Fast forward to evening. She would bring the bumper back, swing into a heel and then take off with it. Put the leash on and threw a couple close ones. Took the leash off again she would swing into a heel and then take off playing. Came inside and did some bumpers off leash - perfect. Went outside and again she misbehaved. 
At that point I am frustrated. She would never pull that behavior with DH. She tried but came back when called with the bumper. Not with me. As long as there is a bumper out there she will tease me until I tell her to sit or lay down. Mom is just a playmate in the back yard. 
I know some talk about dogs not having remorse, I did not say anything or yell yesterday but she knew I was frustrated with her. All evening in the house she was like a Velcro. She even "honored" me by sleeping in my bed and pushing her long OX body into me.
We'll try again after the dance concert with DH this time. She has done so good for him all week. Maybe I am just not cut out for field training.


----------



## hotel4dogs

Oh my, if I had a $ for every time I've said this, I could probably retire. Then I'd have TIME for field training, LOL.



Claudia M said:


> Maybe I am just not cut out for field training.


----------



## hotel4dogs

Whew, that does sound heavy. Do you know how tall she is? The Monster Boy is 23-1/2 inches tall, and weighs 67-68 pounds. My vet thinks that's a little too thin for him, thinks he should weigh 70 pounds, but I like him especially lean because of his activities.



Claudia M said:


> Come home and take her to the vet for the monthly weight 69.2 which worries me a bit even though she looks trim


----------



## gdgli

Claudia M said:


> Fast forward to evening. She would bring the bumper back, swing into a heel and then take off with it. .............Maybe I am just not cut out for field training.
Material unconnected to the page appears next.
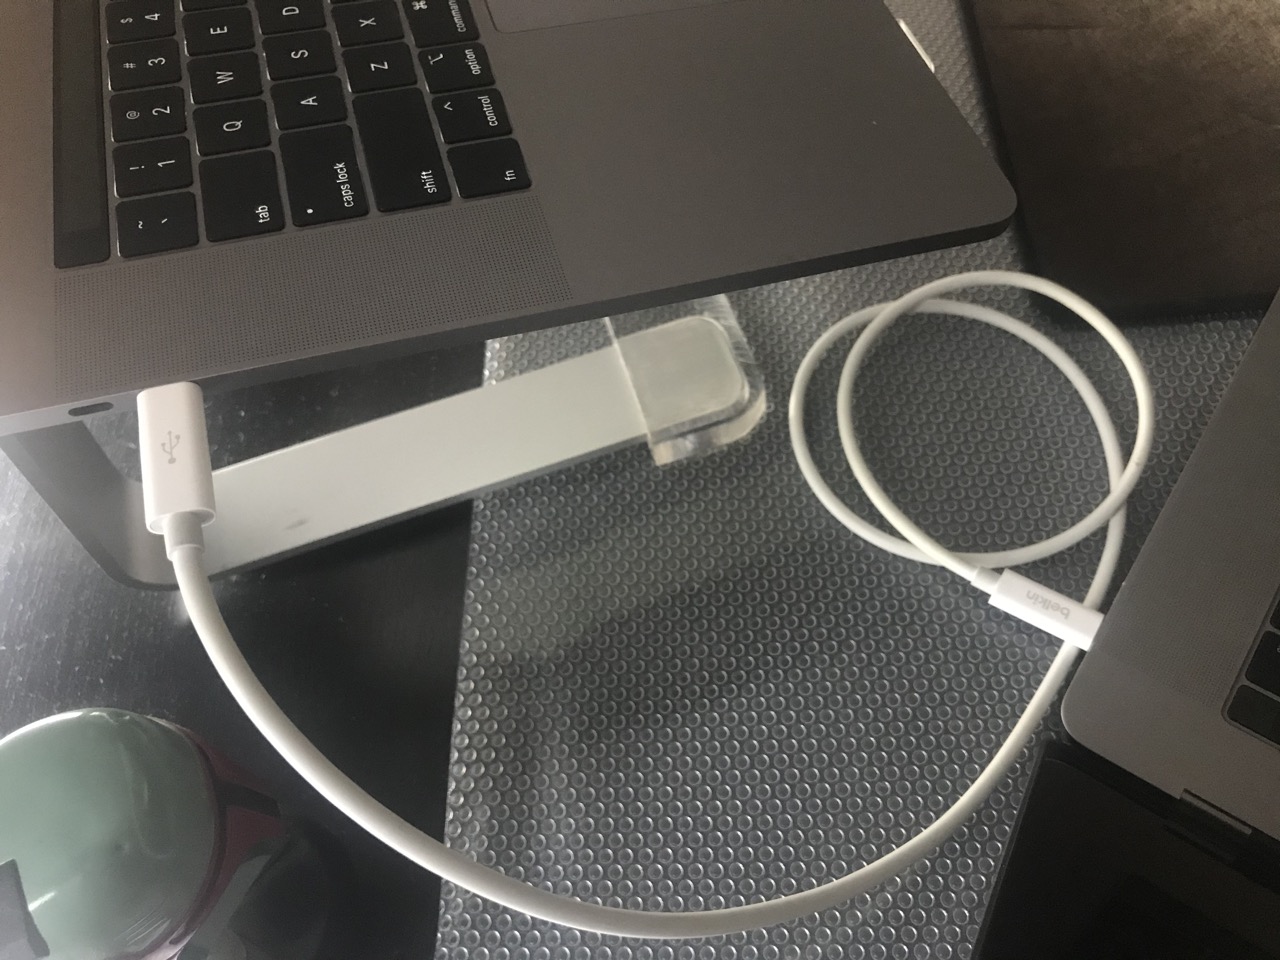 cables needed for target disk mode macbook air

I am going to make you feel much better. Buffy did that to me at a hunt test with a duck. I then went out into the field to get her, I lost her in the cover, and then I hear the judges (from 50 yds. away) yelling to me "She's back at the line". She had cut a big circle in the field and came back to the line while I was still looking for her. And there she was in a perfect sit delivering the bird to the judges.
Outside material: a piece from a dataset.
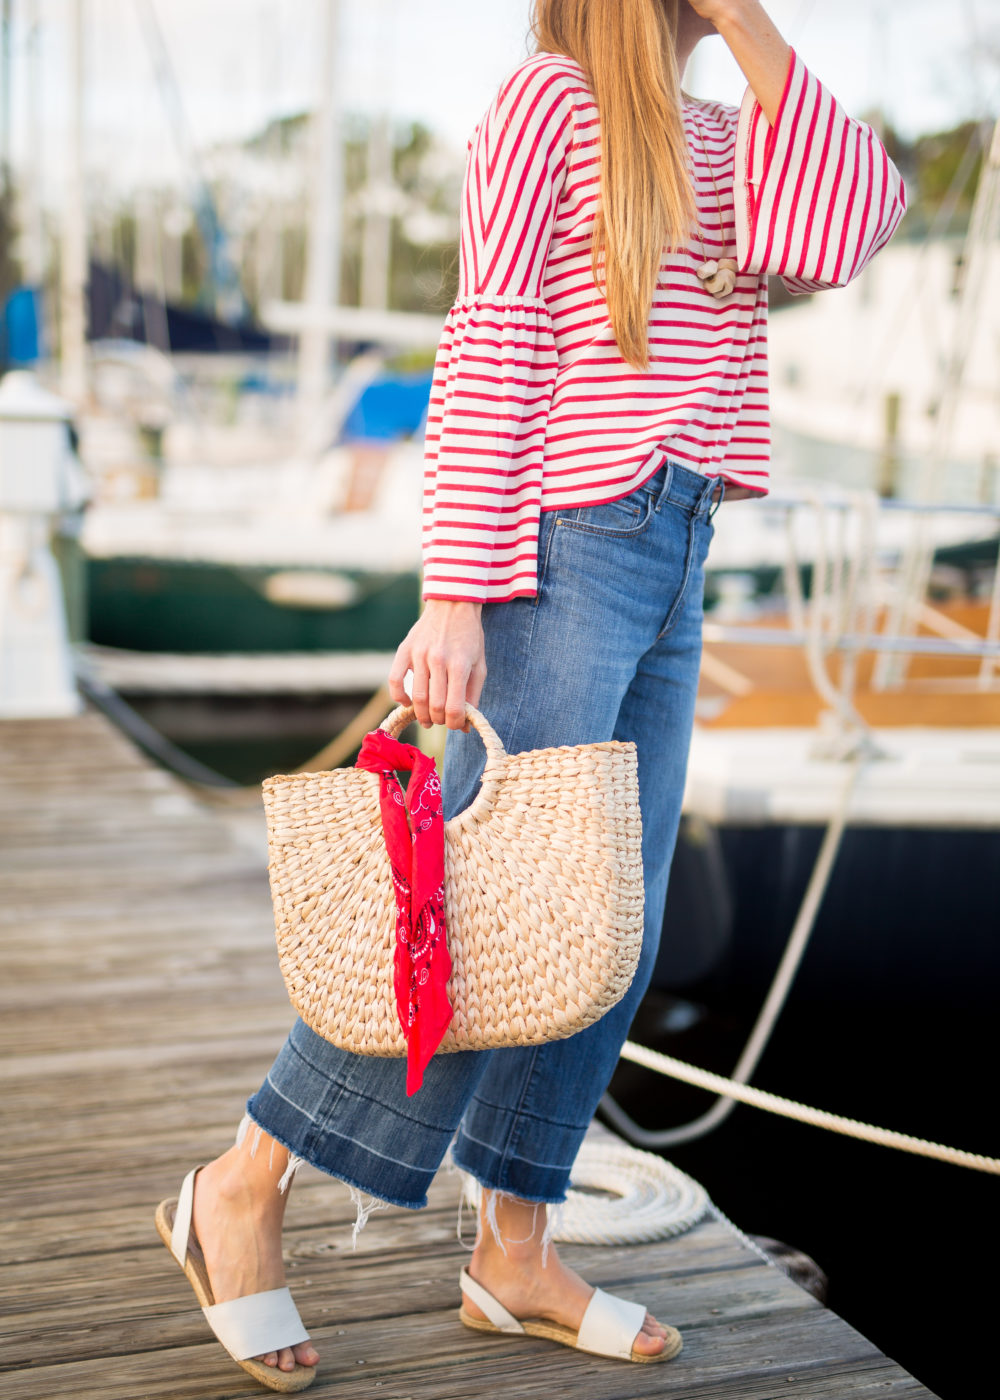 A Classic Striped Look for Fall, Wearing Wide Leg Pants + Striped Top + Straw Bag with Bandana | Sunshine Style

Don't say you're not cut out for this, just keep at it.


----------



## Jige

Went out with a duck to do some training on friday. Jige has not had a duck since Thanksgiving day. That was the last decent day we had to train with out snow. He really wasnt fond of the duck he would carry it back to about 5ft in front of me then I had to tell him to "hold" he would drop it a couple of times before finishing. I would then make him hold it while my sister and son ran their dogs. The last time he brough it almost all the way back about 2ft in front of me before he dropped it and I had to give the command. I am going to head out in a few minutes to work in the yard with the duck. Tomorrow I plan on stopping and getting 2 more ducks to work with.


----------



## Claudia M

She is tall a little over 24 at the withers. I said the other day that there may have been a great pyr somewhere in the family history. Her parents are not as big/tall as she is.
She is out of standard for a GR female in height and weight; so due to her height, keeping her weight down and trim will be a challenge.


----------



## hotel4dogs

Great photos. She doesn't look heavy, and at a little over 24 inches her weight does sound just about right. Tito is about an inch short, and about 2 pounds lighter, and quite lean.


----------



## Claudia M

I just made her pose and she wasn't quite happy about it especially since we left her all alone during the dance concert. Sorry about the mess in the kitchen - as you can see my floors are still not done - I have only had the floor samples since July last year. On a positive note they have survived a puppy in the house.


----------



## Claudia M

wow wow wow - semi good day - better than yesterday - a bit confused of whom she should take the bumper to. Couple times she left before she was actually sent - I blame DH for taking too long in sending her, while he is the one who always tells me not to push her patience (does that sound like a spousal quarrel  ?). One time instead of heeling to the left she decided to go and sniff around. DH called her back and pointed hhis finher at her asking her "What is wrong with you!" She shrugged down as if saying "I am sorry!" Turns out there was a dead bird right behind the bow dummy (whatever it is call - that's is what him and the boys are practicing bow-hunting with). Still trying to see if FB will upload the video.


----------



## Vhuynh2

Hi I'm new here. 

I thought I'd just share a cute story. I have been working on FF with Molly for several weeks now. We work on it almost every day at the park. After a few retrieves, I was going to throw her a few fun bumpers in the tall grass since she loves to "hunt" them. Well, I accidentally threw it right into the blackberry bush! Molly took off, but I was ready to call it a loss, until I saw her crawling out of the bush with the bumper. Ouch! If it were another dog, I'd think she was making real progress with FF, but Molly is sometimes just stupidly fearless. 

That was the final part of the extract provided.